Едва я успел воткнуть в петлицу гардению, как Сильвестр доложил мне о визите Именитого Академика — академика хотя и избранного на последних выборах, но непонятно зачем оказавшегося под сенью академического Купола, ибо еще совсем недавно он величал Сорок Бессмертных[25] «замшелыми мумиями в треуголках, дряхлыми повивальными бабками Словаря, который так отстает от языковой эволюции, что любой Малый Лярусс[26] домашнего обихода полезнее его во сто крат». Перальта прячет бутылку рома «Санта-Инес», и мы приветствуем этого скромного и талантливого ученого мужа, который входит и садится туда, где солнечный луч, пронзив взметнувшуюся пыль, воспламеняет красную розетку Почетного легиона у него на груди. Наверху Офелия продолжает старательно очищать от никчемных бемолей пассажи из пьесы «К Элизе», но все же спотыкается на каждом шагу. «Бетховен», — говорит Именитый Академик, указуя пальцем вверх, словно сообщая нам важную новость. И без стеснения, как и подобает тому, для кого всегда открыты двери моего дома, начинает листать книги, только что принесенные моим секретарем. «Атеизм» Ле Дантека[27]. Хорошо. Серьезное чтение. «Ученик» Бурже[28]. Неплохо, но нам не следует подражать немецким emmerdeurs[29] с их манией сваливать философствование и романтичность в одну кучу. Анатоль Франс: способности, конечно, есть, но за пределами Франции захвален чрезмерно. А кроме того, его упорный скептицизм ни к чему не приводит… «Шантеклер»[30] — удивительная вещь. Успех и провал. Гениальная смелость, обреченная на неудачу, но навсегда вошедшая в историю театра как эксперимент, единственный в своем роде. И он декламирует: «O Soleil! Toi sans qui les choses. Ne seraient pas ce qu’elles sont…»[31] (Академик и не подозревает, что вот уже который год десятки тысяч борделей и ночных заведений низшего пошиба носят в Америке название «Шантеклер»…) Он иронически, хотя и добродушно, хмыкает при виде антиклерикального памфлета Лео Таксиля[32], но корчит явно недовольную гримасу, узрев «Мосье Фока» Жана Лоррена[33]. Ему, наверное, и невдомек, что Оллендорф, его собственный издатель, наводнил книжные лавки нашего континента этим романом (в переводе на испанский), разрекламированным в качестве несравненного образца французского гения и украшенным цветистой обложкой, с которой обнаженная Астарта — творение Дюпюи — до сих пор тревожит сон наших школяров…

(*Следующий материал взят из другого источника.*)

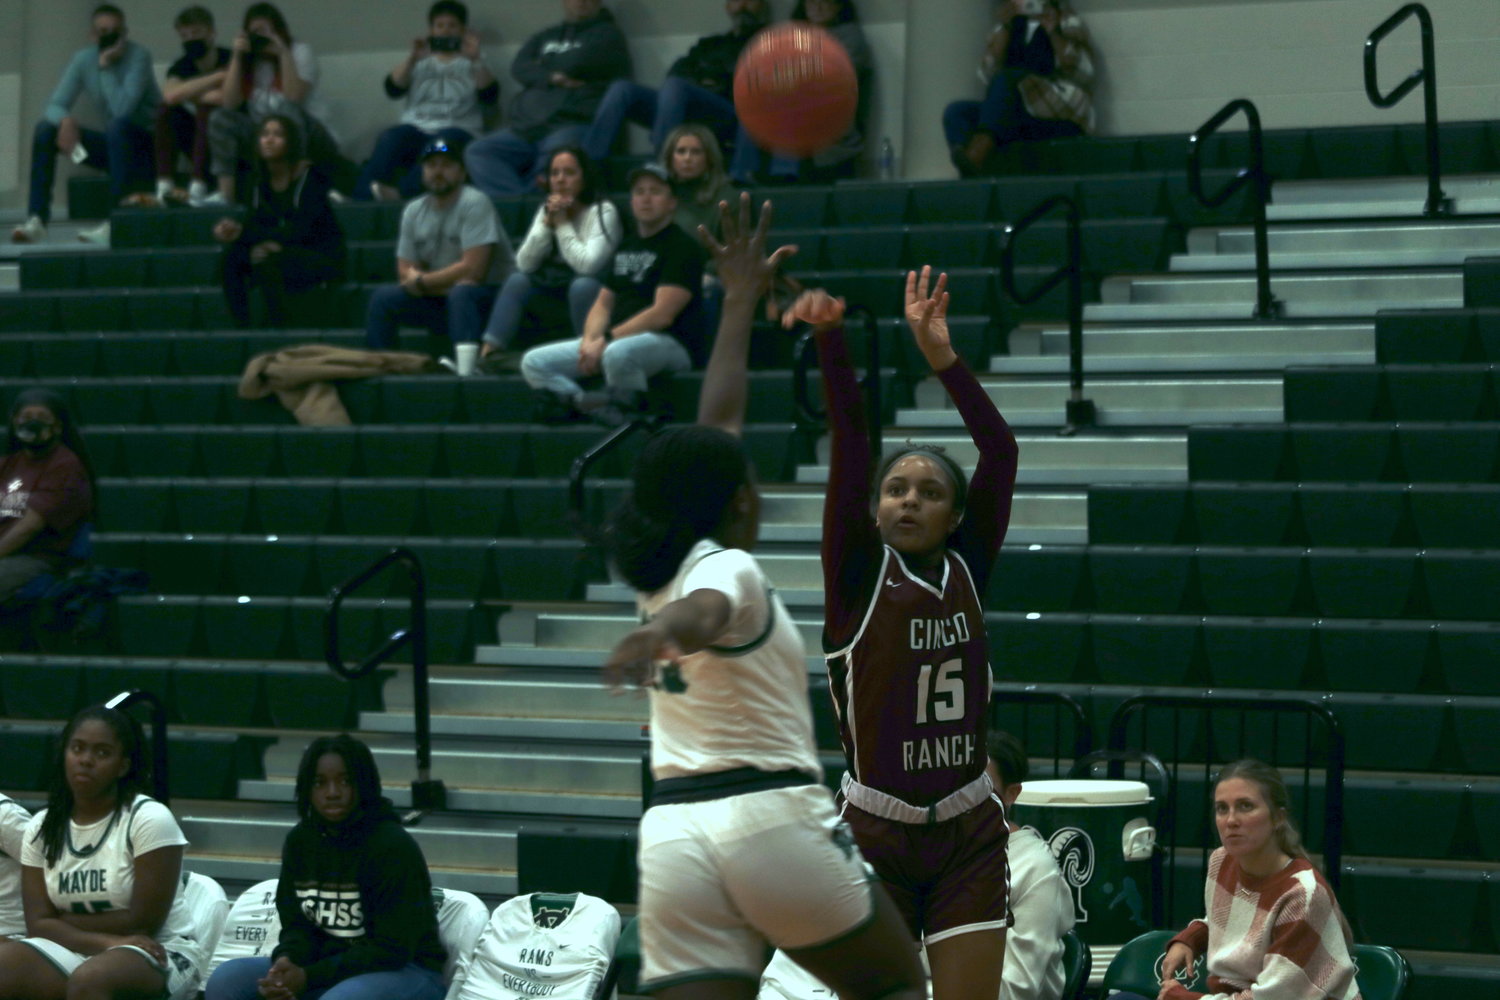 Cinco Ranch’s Danielle Williams shoots a floater during Friday’s District 19-6A game against Mayde Creek at the Mayde Creek gym.
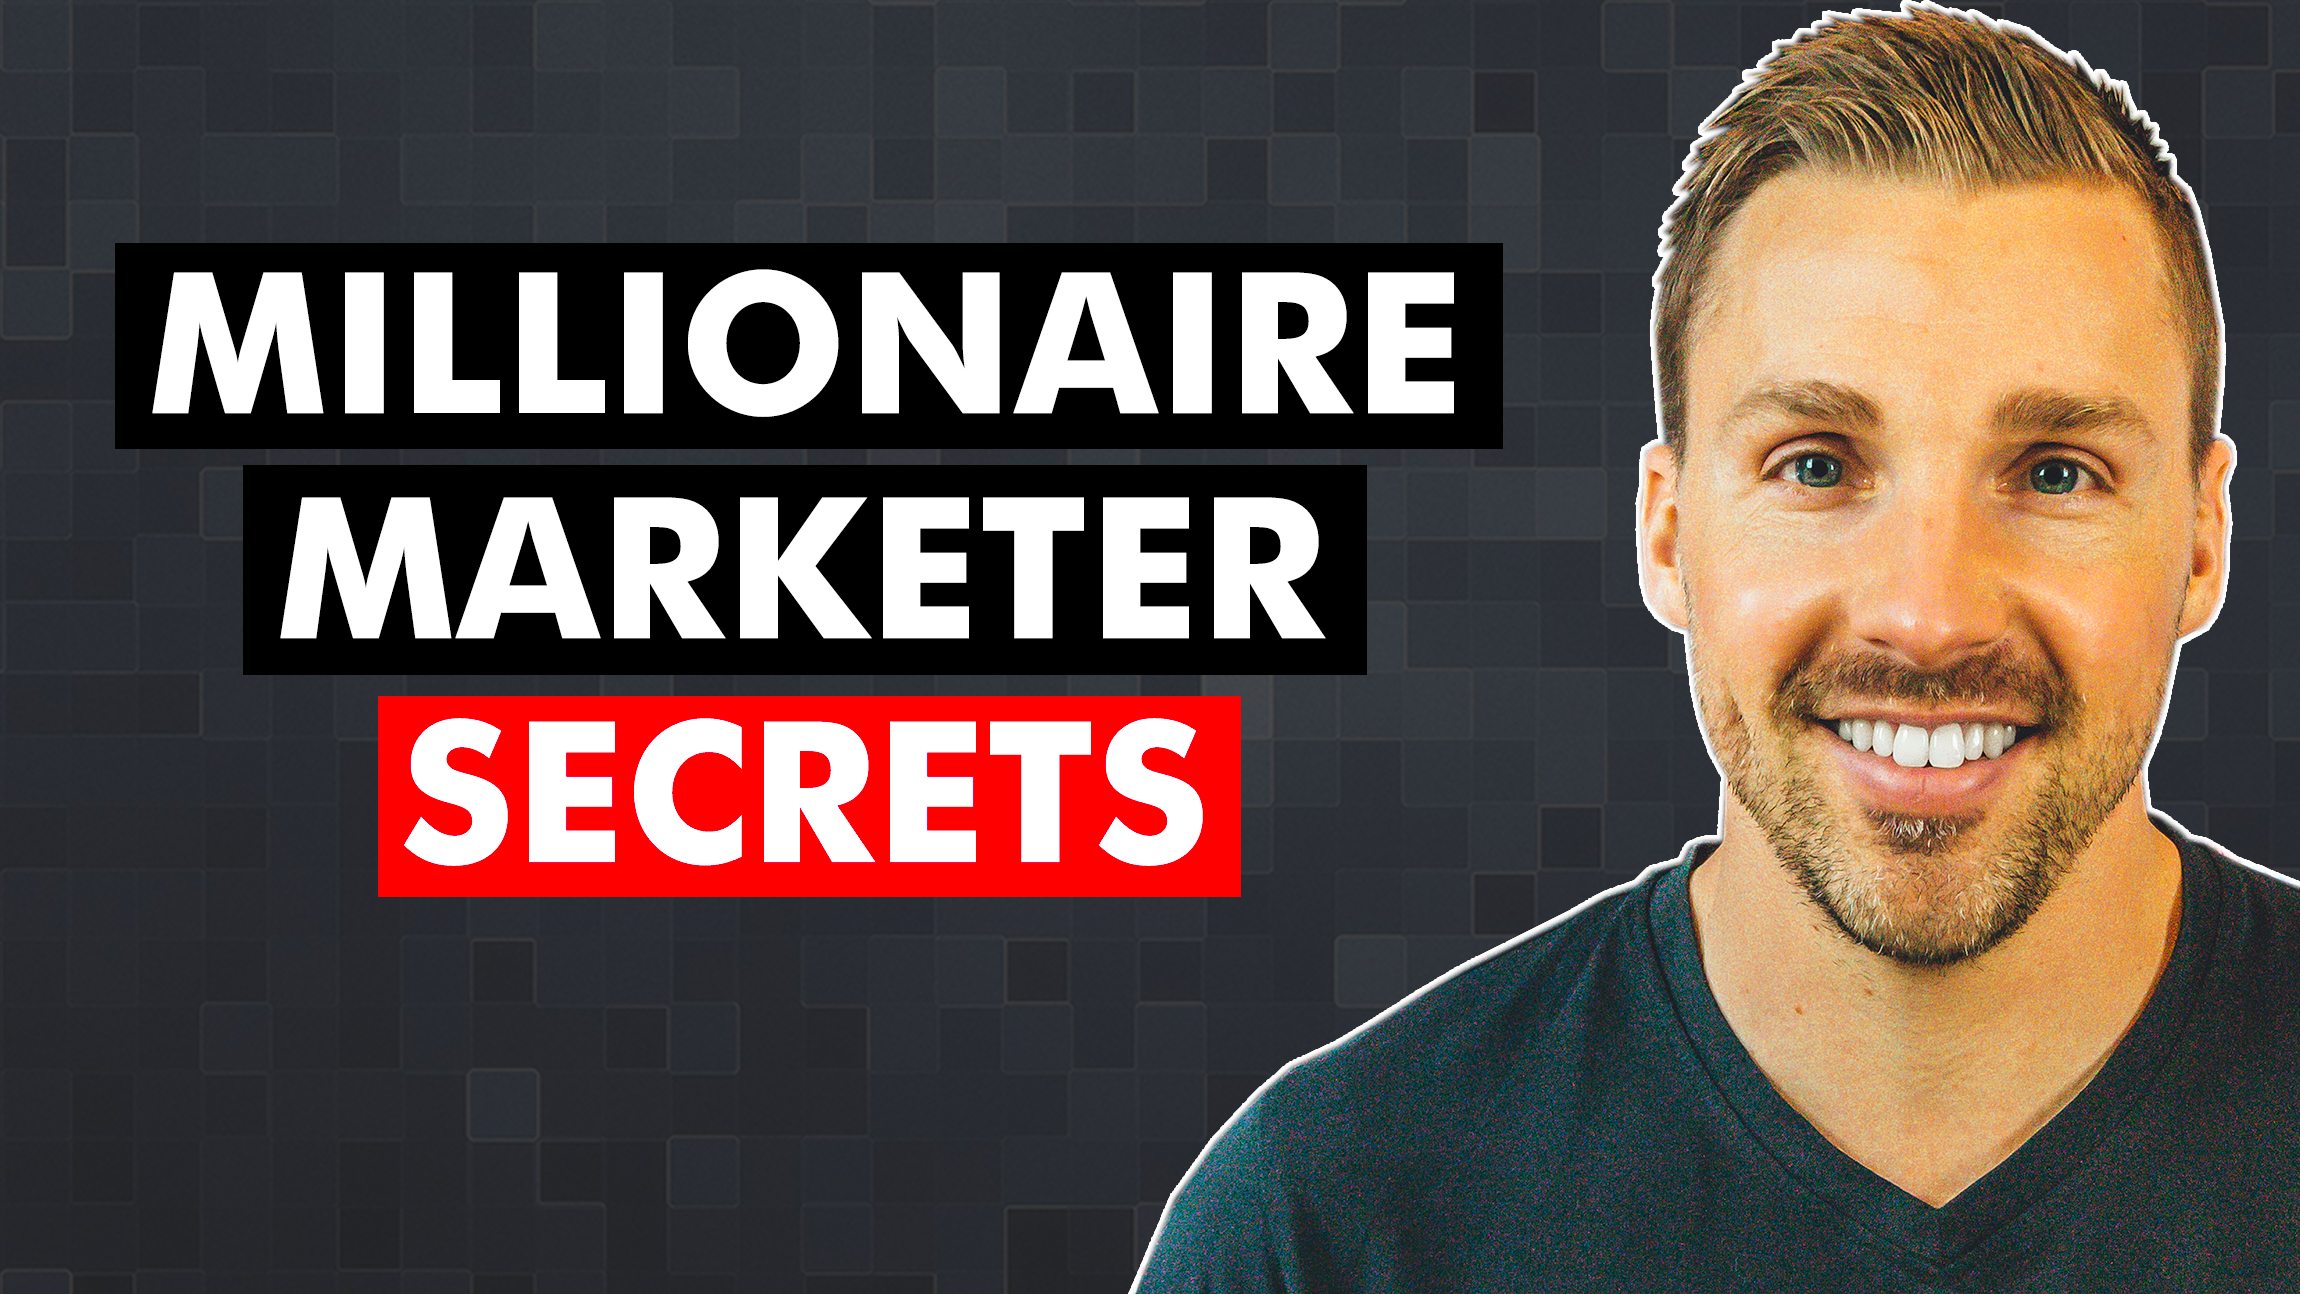 7 Habits Of Self Made Millionaires | What The Best Marketers Have In Common

А теперь он заговорщически ухмыляется, наткнувшись на «The sexual life of Robinson Cruosoe»[34] и «Les fastes de Lesbos»[35] — книжки анонимных авторов (три звездочки), но с обилием иллюстраций, купленные мною вчера в специализированном магазине на Рю де ла Люн. «Это чтиво мосье Перальты», — говорю я, смалодушничав. И наш друг, приняв самый серьезный вид, принимается назидательным тоном, который хорошо нам знаком — Перальте и мне, — читать лекцию по литературе, стараясь убедить нас, что большую, великую литературу Франции не знают в наших странах. Это хорошо, что все мы преклоняемся перед Бодлером, почивающим не на лаврах, а под унылой каменной плитой на кладбище Монпарнаса, но следовало бы также читать Леона Дьеркса, Альбера Самена, Анри де Репье, Мориса Роллина, Реме Вивьен.

И — Мореаса, прежде всего Мореаса[36]. (Меня так и подмывало рассказать ему, как несколько лет назад в кафе «Вашетт» я был представлен Мореасу и как тот набросился на меня с обвинением, будто это я лично расстрелял Максимилиана[37], пропуская мимо ушей все мои объяснения, что я был тогда младенцем и не мог находиться в тот день у Серро де лас Кампанас… «Vovo etes tous des sauvages»[38] — твердил поэт, и в его голосе слышалась неподдельная горечь…).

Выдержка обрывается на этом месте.